Purpose: To examine the association between postmenopausal hormone therapy and Age-Related Maculopathy (ARM) in older women and to determine if these associations vary by smoking status. Methods: A cross-sectional analysis of 1065 women of European origin aged ≥ 74 years attending the year-10 examination of the Study of Osteoporotic Fractures was performed. Fundus photographs were graded for ARM using a modification of the Wisconsin Age-Related Maculopathy Grading System used in NHANES III. Multiple imputation methods were used to examine the associations of type and duration of postmenopausal hormone therapy use with early and late ARM as well as interactions with smoking history. Results: Compared to never users, Neither estrogen alone (E), Estrogen plus progestin (E+P), nor duration of use was significantly associated with early ARM [odds ratio (OR) E = 1.01, 95% confidence interval (CI) 0.77-1.34; OR E+P = 0.85, 95% CI 0.55-1.35; OR ≤ 3 years use = 1.04, 95% CI 0.74-1.47; OR > 3-12 years use = 0.93, 95% CI 0.64-1.35; OR > 12 years use = 0.95, 95% CI 0.65-1.37] or late ARM (OR any E/E+P = 0.59, 95% CI 0.29-1.19; OR ≤ 3 years use = 0.73, 95% CI 0.30-1.77; OR > 3 years of use = 0.51, 95% CI 0.22-1.17), though power for late ARM was limited. Tests for smoking interactions were not significant. Conclusions: This study found no evidence to support an association between use of E, E+P, or duration of use and ARM risk.

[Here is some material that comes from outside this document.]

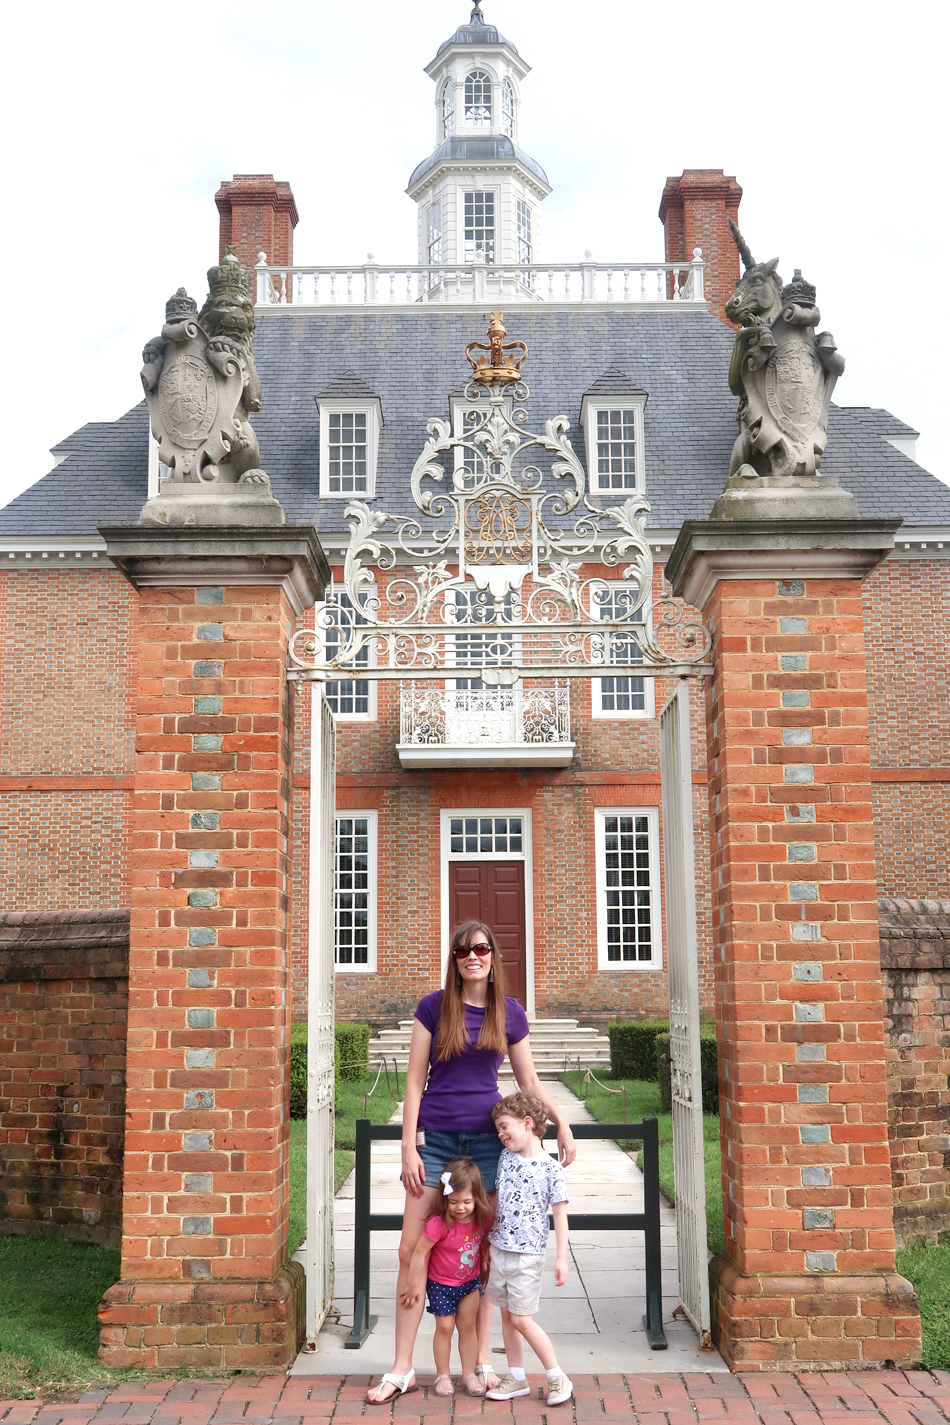 Colonial Williamsburg review

Bibliographical noteFunding Information:
The Study of Osteoporotic Fractures is supported by National Institutes of Health funding, under the following grant numbers: AG05407, AR35582, AG05394, AR35584, AR35583, and AG08415.Support for Dr. Seitzman was also provided by National Institutes of Health, National Eye Institute grant number EY07026.Support for Dr. Mangione was also provided by the UCLA Center for Health Improvement in Minority Elders/Resource Centers for Minority Aging Research, National Institutes of Health, National Institute of Aging (AG-02-004).
Copyright 2008 Elsevier B.V., All rights reserved.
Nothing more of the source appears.